Activity. Pictures are to be dropped from the copy. Retype the listing exactly.

Dataset extract.
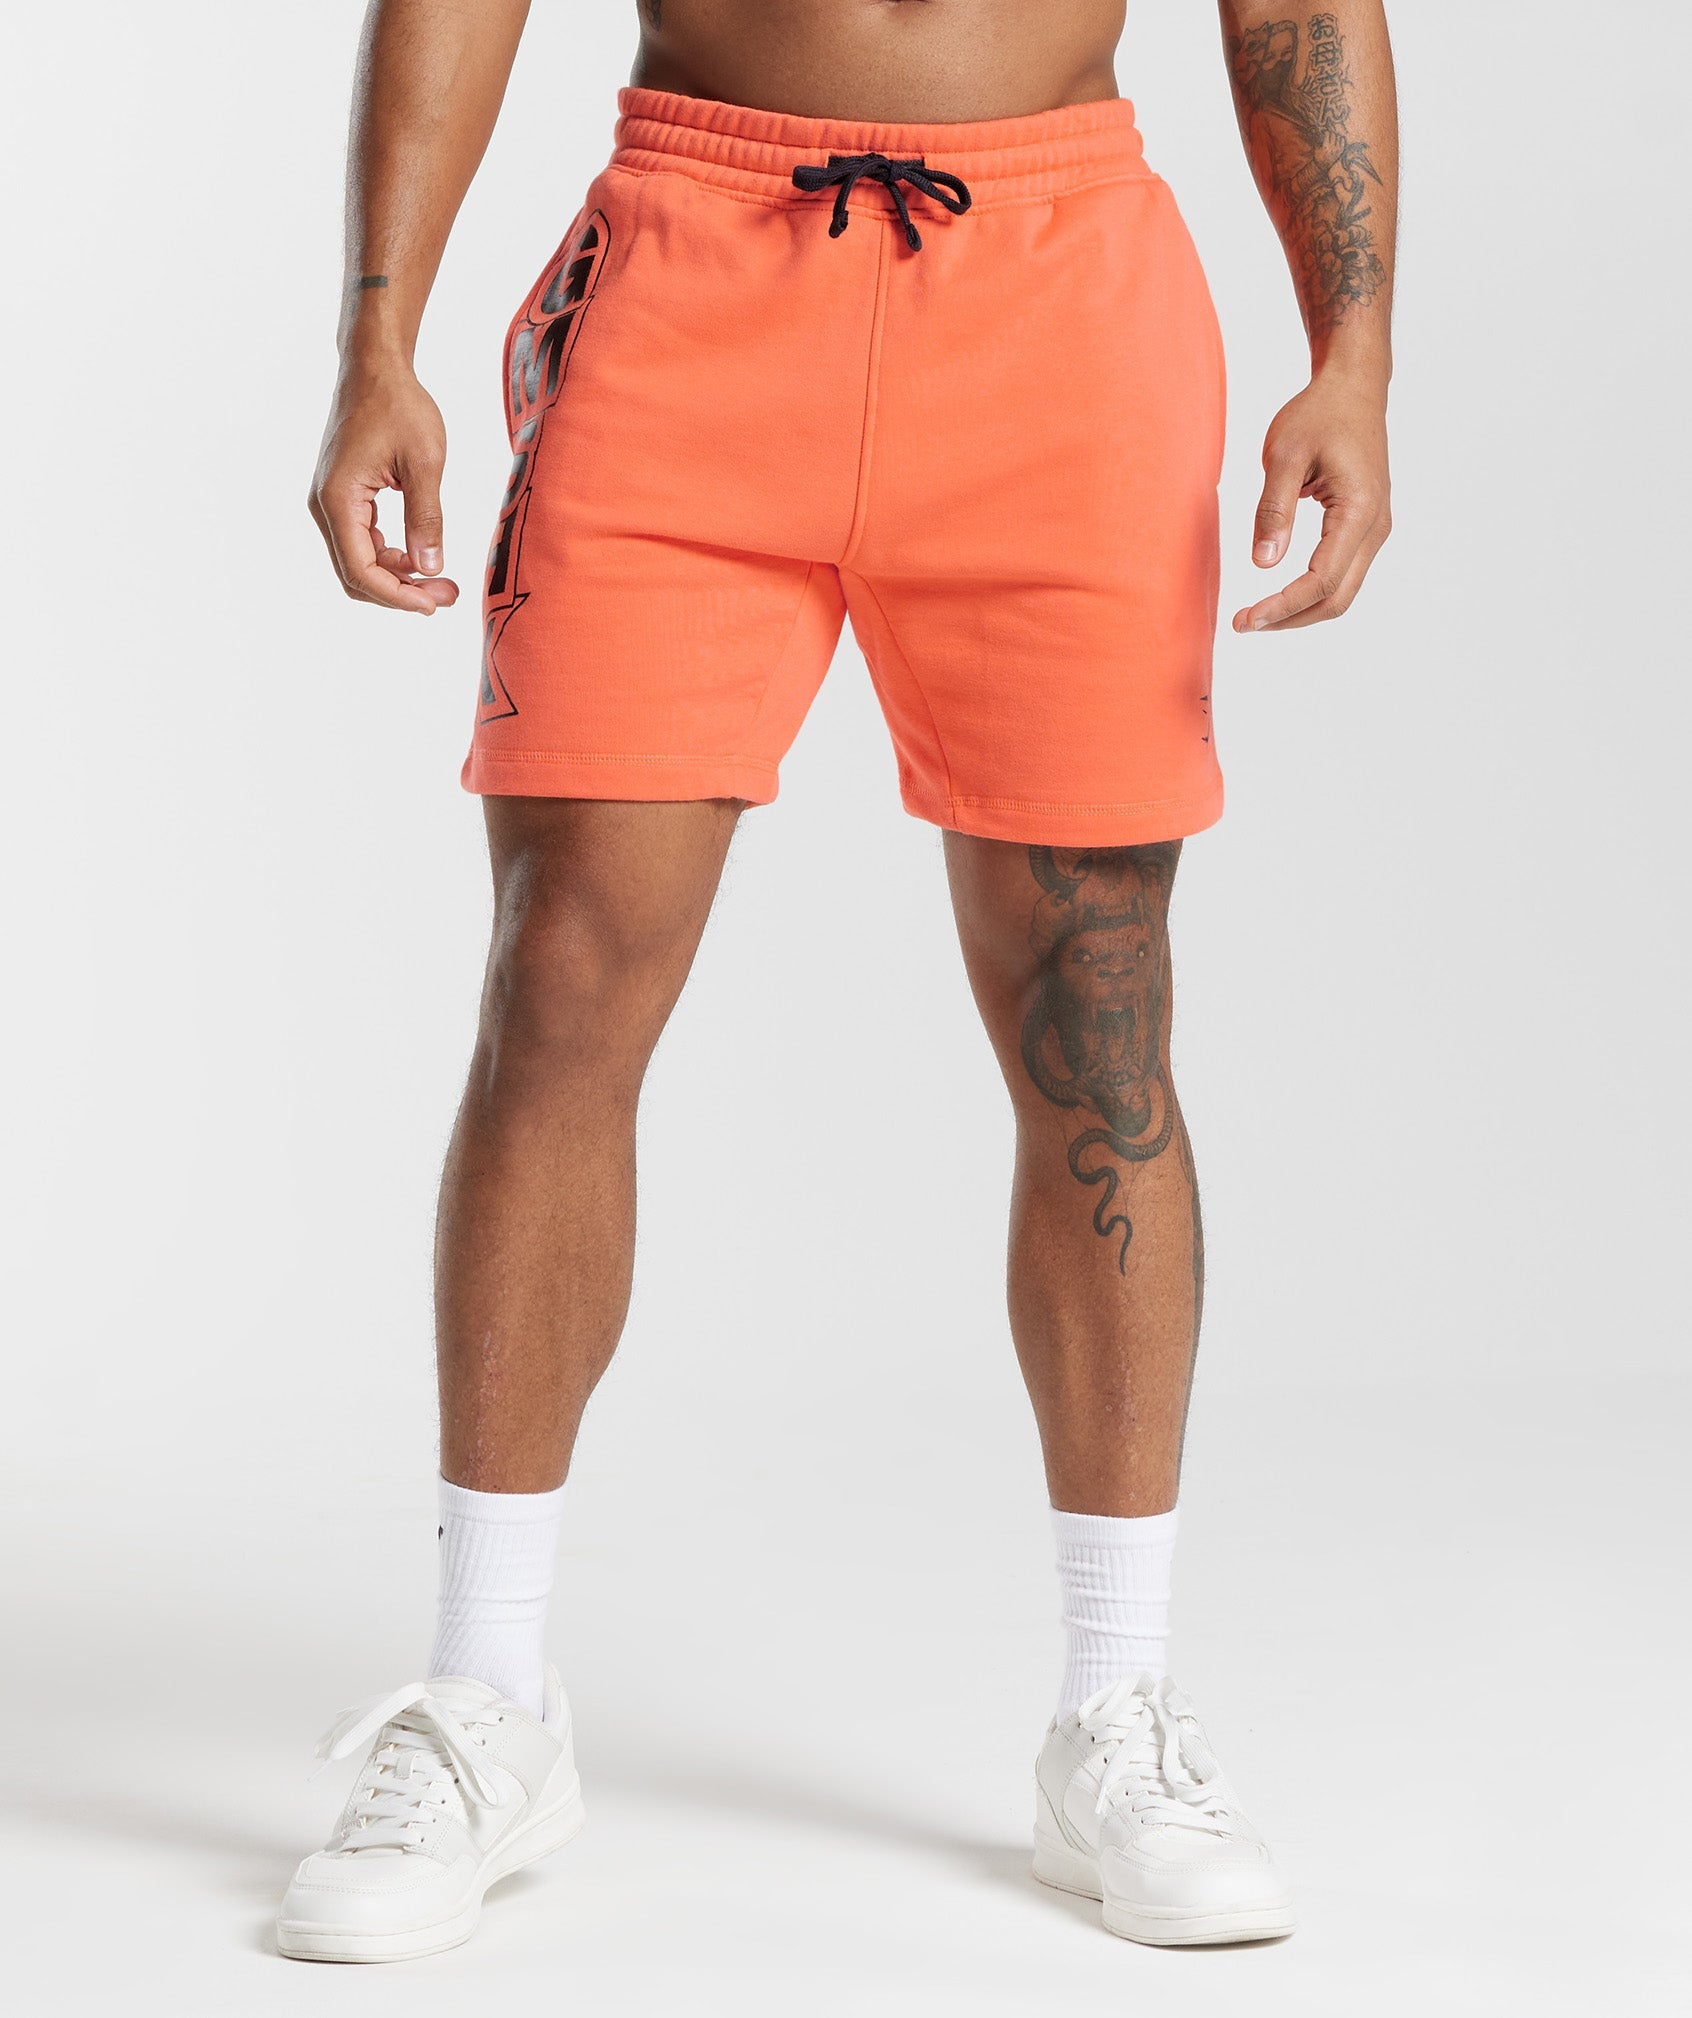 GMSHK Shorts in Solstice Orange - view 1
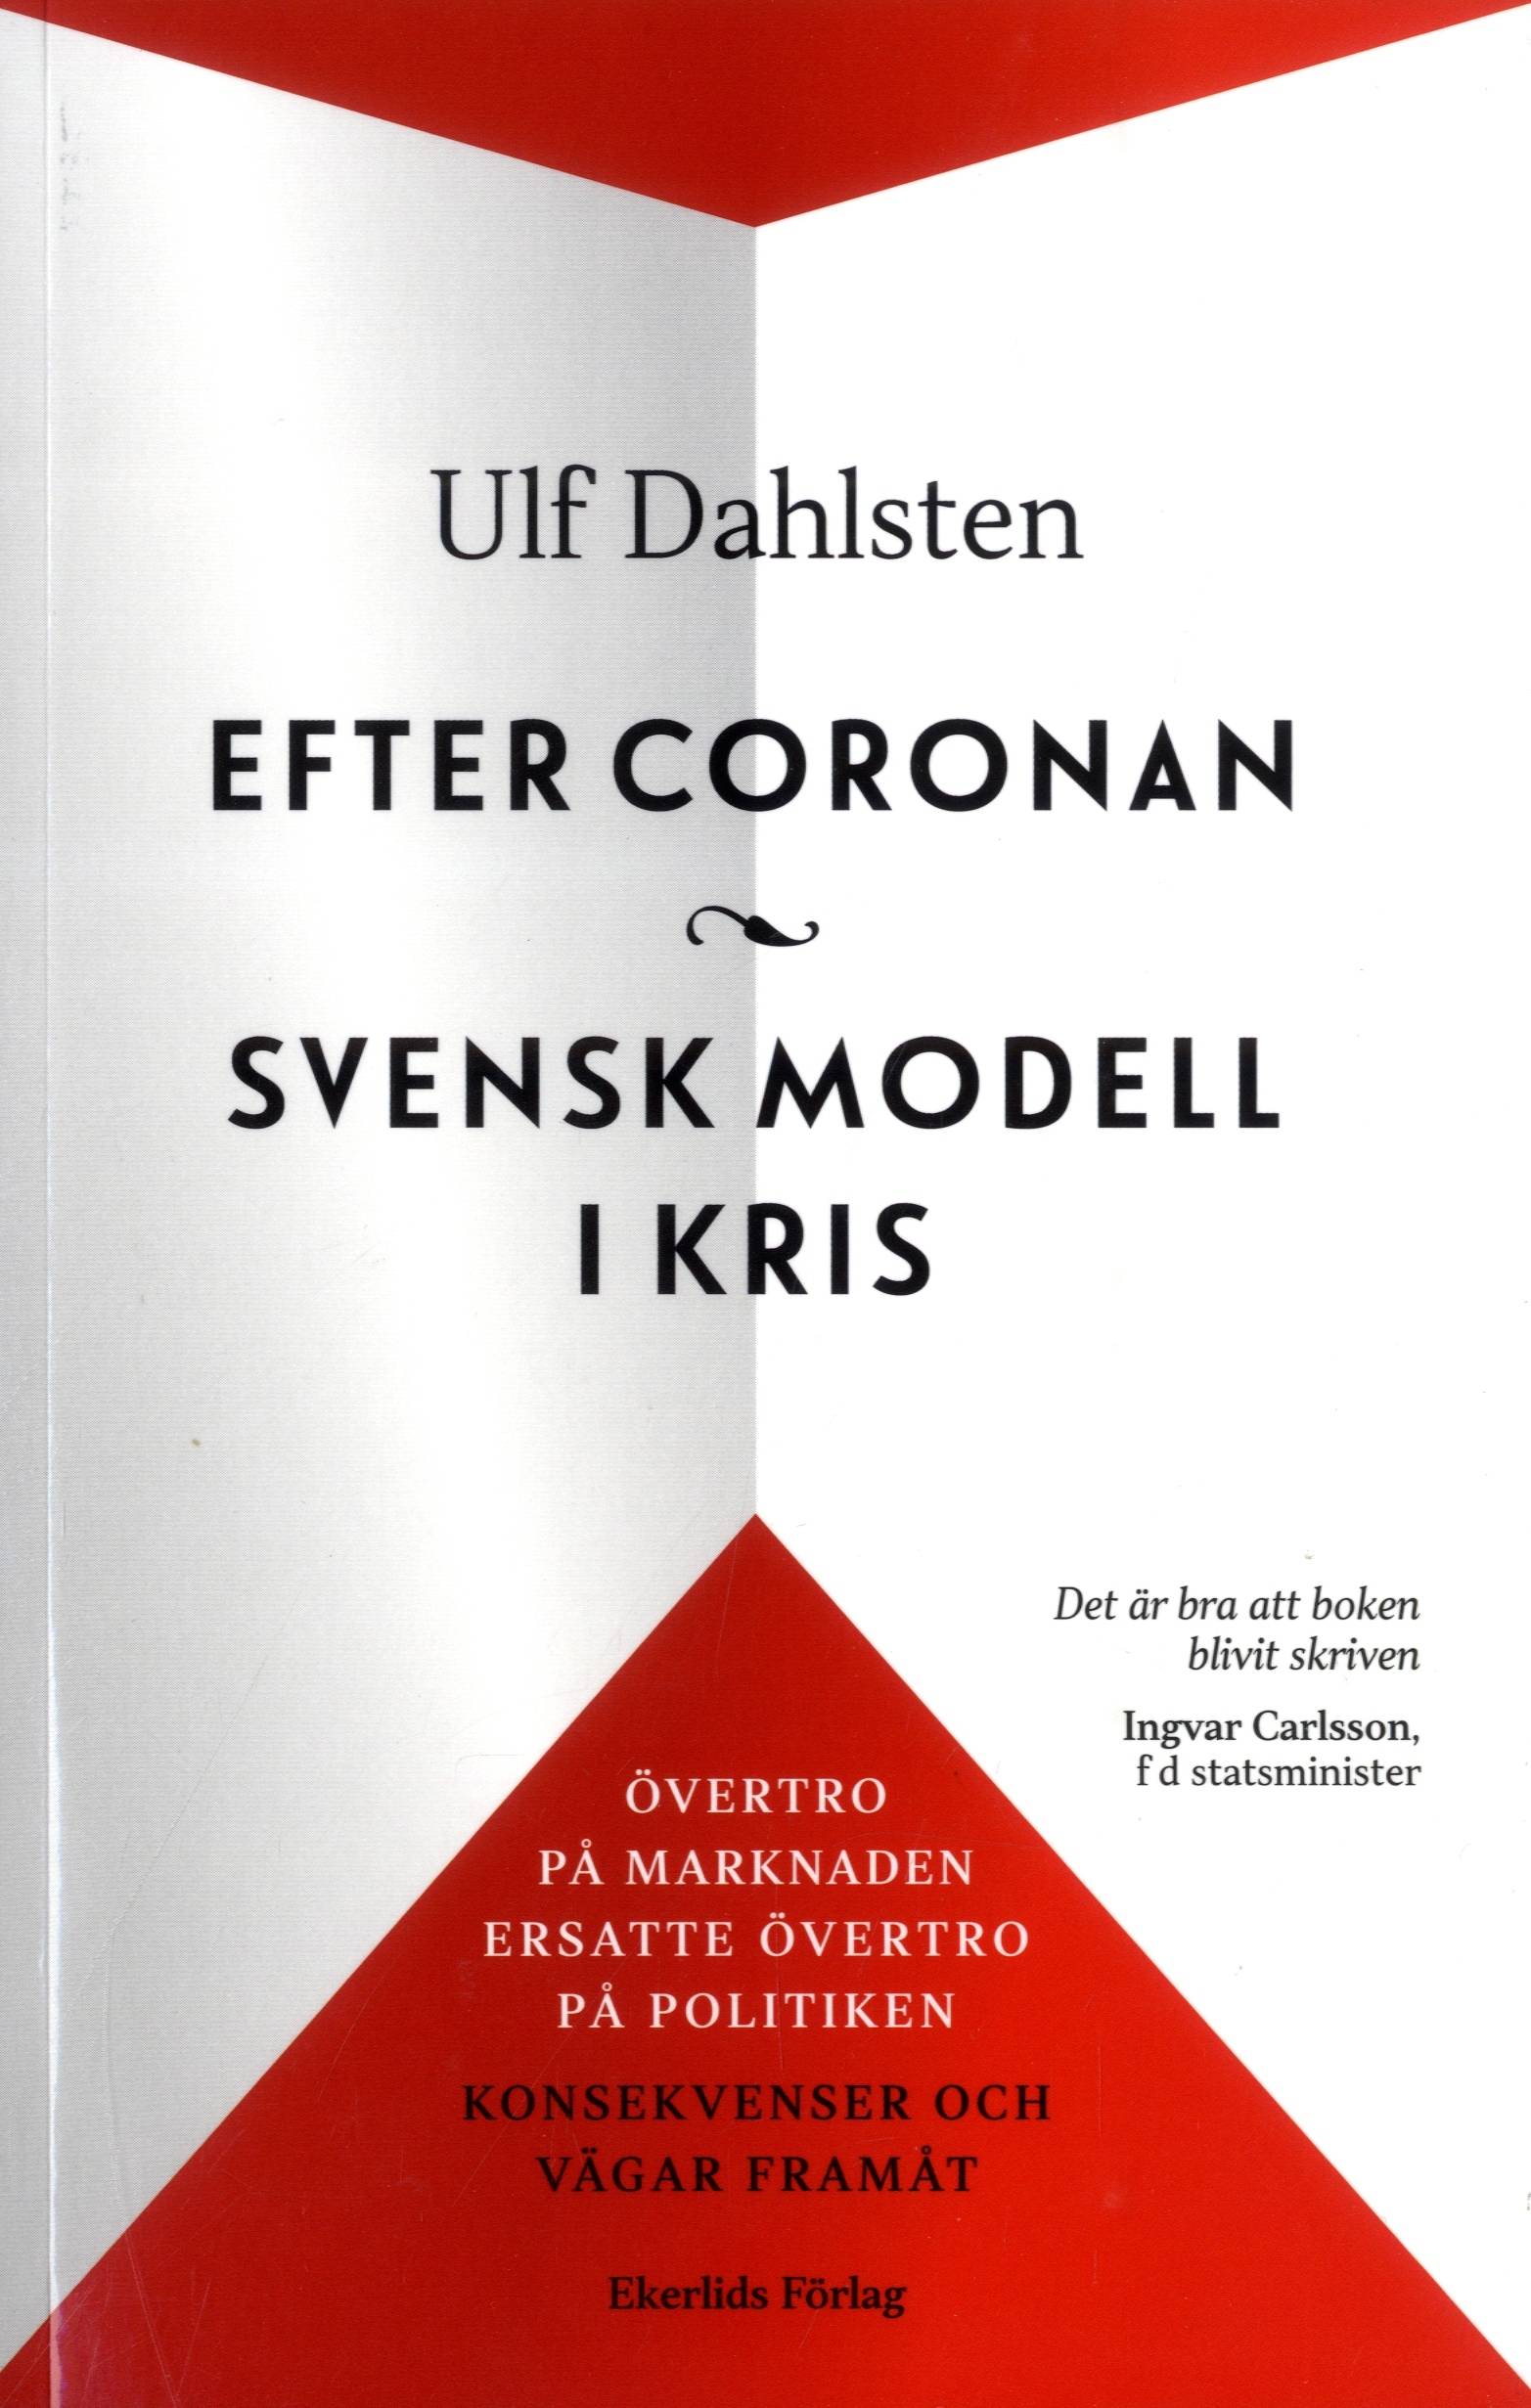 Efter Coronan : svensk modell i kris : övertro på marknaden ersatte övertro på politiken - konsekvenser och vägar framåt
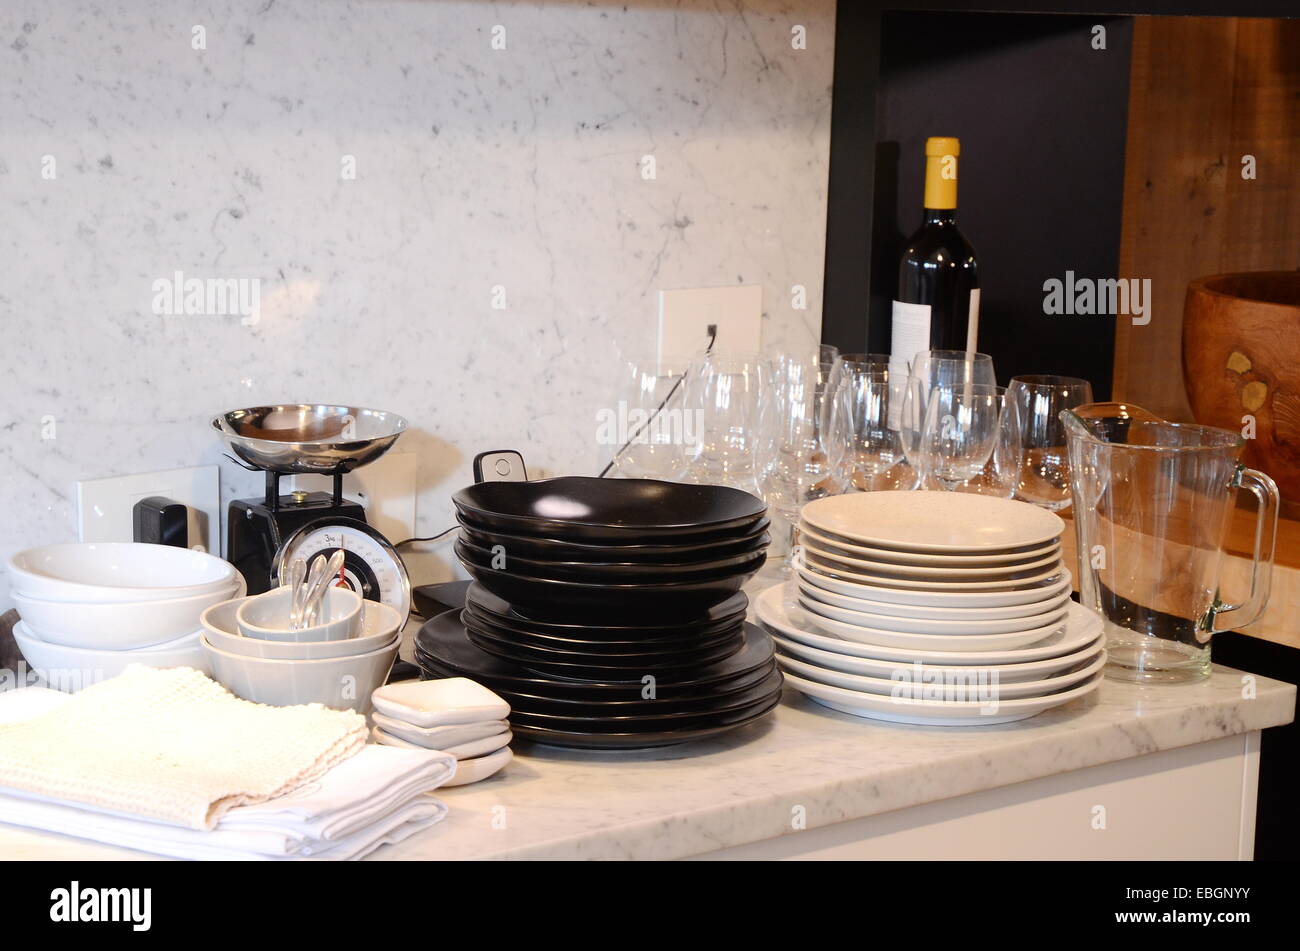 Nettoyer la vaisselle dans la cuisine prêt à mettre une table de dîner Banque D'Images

Exercise output.
 GMSHK Shorts in Solstice Orange - view 1
 Efter Coronan : svensk modell i kris : övertro på marknaden ersatte övertro på politiken - konsekvenser och vägar framåt
 Nettoyer la vaisselle dans la cuisine prêt à mettre une table de dîner Banque D'Images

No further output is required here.